Лиззи чувствовала себя неловко с этим мужчиной. Он был таким отстраненным и недружелюбным, даже в разгар всеобщего горя. Возможно, особенно из-за этого.

— Итак, — сказал Лейн, глядя на стеклянную стену палаты.

Медицинский персонал предоставил всем возможность попрощаться с мисс Авророй, и Лиззи, безусловно, это оценила. Но работники больницы сталкивались со смертью и первыми моментами траура постоянно. Горе родных для них было еженедельным, если не ежедневным событием в этом отделении.

— Я не хочу оставлять ее одну, — пробормотал Лейн. — Я просто хочу убедиться, что с ней все будет в порядке, понимаешь?

— Здесь все хорошие люди. — Лиззи сжала его руку. — Они будут обращаться с ней достойно.

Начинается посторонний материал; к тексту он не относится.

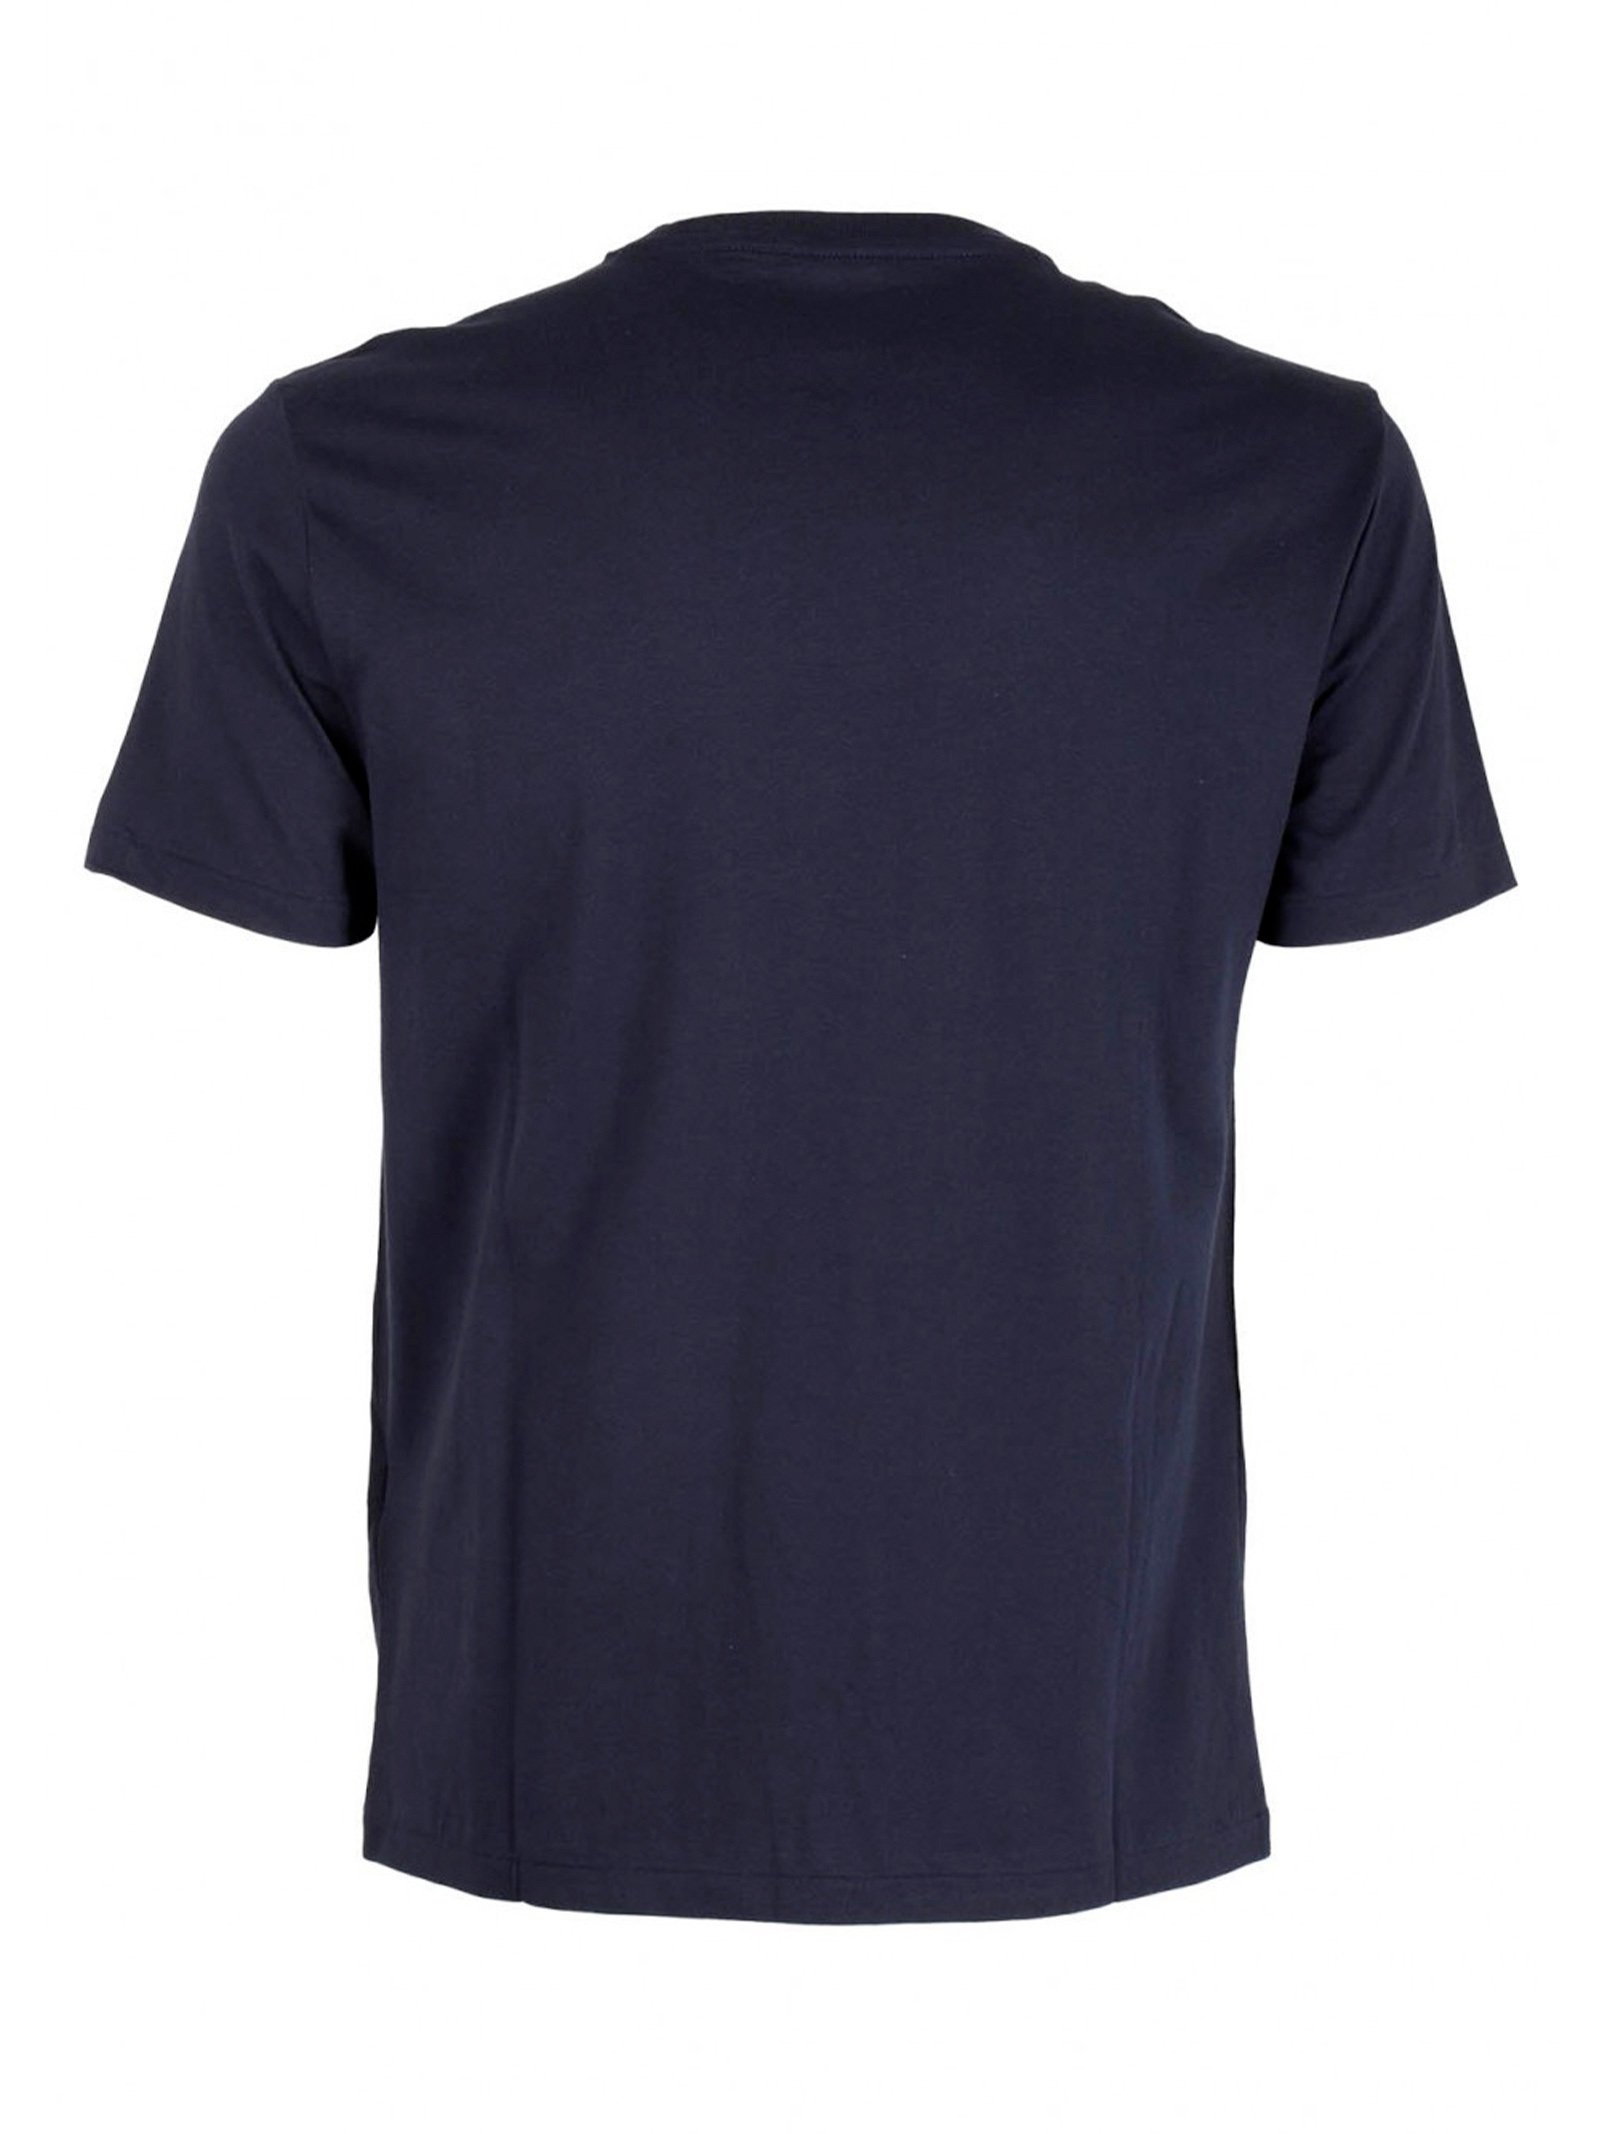 T-shirt girocollo con logo RALPH LAUREN | T-shirt | 710-680785004

Как по команде, появился афроамериканец в костюме со шляпой в руках со стороны сестринских кабинетов.

— Мистер Болдвейн?

— Да?

— Я из похоронного дома «Браун и Харрис». — Он протянул визитную карточку. — Я сын Билла Брауна, Денни. Я здесь, чтобы позаботиться о ней. Я останусь с ней, когда разрешат ее забрать из палаты, и она переедет в мою машину. Она не будет одинока, и ей будет предоставлено такое же уважение, как и при жизни.

— О, слава Богу.

Взяв карточку, Лэйн схватил парня за плечи и сцепил в жестком объятие, мужчина, видно, привык к такому обращению, поэтому с такой же силой обнял Лейна.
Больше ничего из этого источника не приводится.